Part of Calabria's archeological patrimony has already been identified or excavated, but part still awaits discovery.
The abundance of remains in the region is the result of close links with Greece, followed by the Roman conquest. Calabria has appropriately been described as an open-air museum; on the Ionian side, hardly a place exist where archeological finds have not been brought to light or are , predictably, still awaiting discovery.
 
A rich abundance of examples is to be found in the archeological and antiquities museums at Reggio, Vibo, Crotone, and Sibari, as well as, to a lesser extent, in the civic and provincial museums.
Calabria already had its own remarkable culture before the Greeks came; from the Villanovian necropolis, it is known that cremation was practiced and that the population made red terracotta and used iron and bronze weapons, as well as gold, silver and amber objects.
 
With the arrival of the Greeks, native methods merged amicably with the new, without absolute imposition of the Greek model. This is evident in the wide differences between pottery discovered in Puglia, calabria and the part of Lucania towards the Ionian Sea, differences which are invariably attributable to the underlying Italiot tradition.
 
 
Temples - We shall first describe the mainly ruined and thus less picturesque temples, barely above ground level.
 
Of the Temple of Caulonia, at the foot of the Punta Stilo hill, part of the surrounding wall, the base of the Doric column and the foundations of nobles houses remain.
Under Punta Stilo lie the foundations of the baths;the mosaic is in Reggio Museum.
Particularly elegant, though regrettably the sole survivor, is the Doric column from the Temple of Hera Lacinia, at Crotone, or to be exact, Capo Colonna, by the sea; part of the walls and rooms in opus reticulatum can still be seen.
 
The town of Locri was studied by Von Riedsel Sain-Non and Bielynski in the 18th century ( Bielynski's is the first plan).
In the 19th century,Froncois le Normand complained officially that ancient material was being used to build modern Locri.
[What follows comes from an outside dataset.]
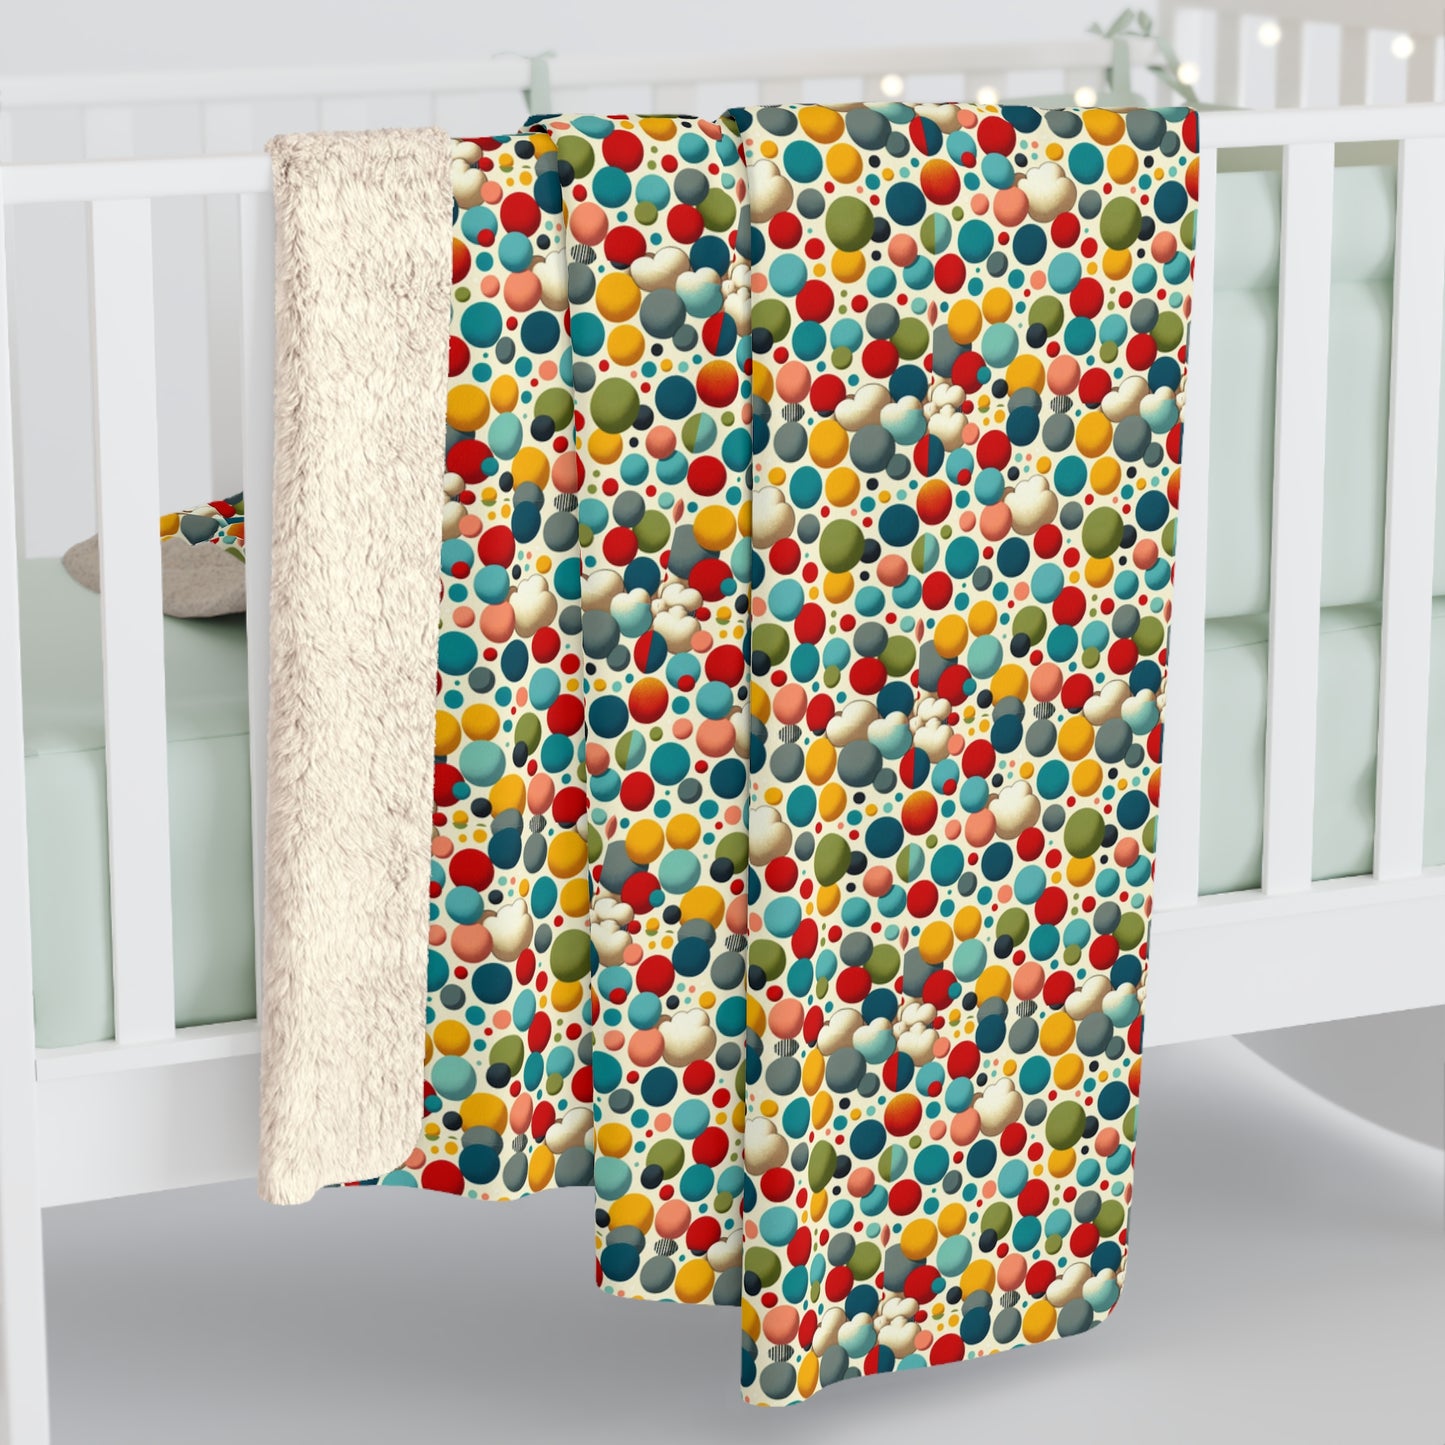 Colorful Whimsy Polka Dot Sherpa Fleece Blanket - Fun and Bright Design

Shortly after Paolo Orsi, the archeologist, who discovered the whole of the Greco-Roman Calabria, began digging (1898).
 
The ruins of the Ionic Temple of Marasa' (end 7th-early 6th century BC) are still visible.
The name derived from the Greek Byzantine word meaning "where fennel grows", for the actual dedication of the temple is unknown.
This is a highly important site, since till 1889, it had been thought that all the temples (Paestum, Selinunte and Agrigento ) where Doric, and only at a later date were Ionic columns discovered at Agrigento.
 
In the ruins of the more recent Doric Temple of Zeus (or Casa Marafioti), 39 bronze tablets describing daily life in the sanctuary were found.
This find is the most important of its kind in relation to ancient greece. Some distance away, a number of pinakes, votive terra cotta tablets dedicated to Persephone, were found.They indicate the likely existence on the spot of a temple to this goddess greatly worshipped at Locri.
 
Some researchers feel that such a temple did not exist, being an open-air cult. Tablets land pinakes are now in the Reggio Museum.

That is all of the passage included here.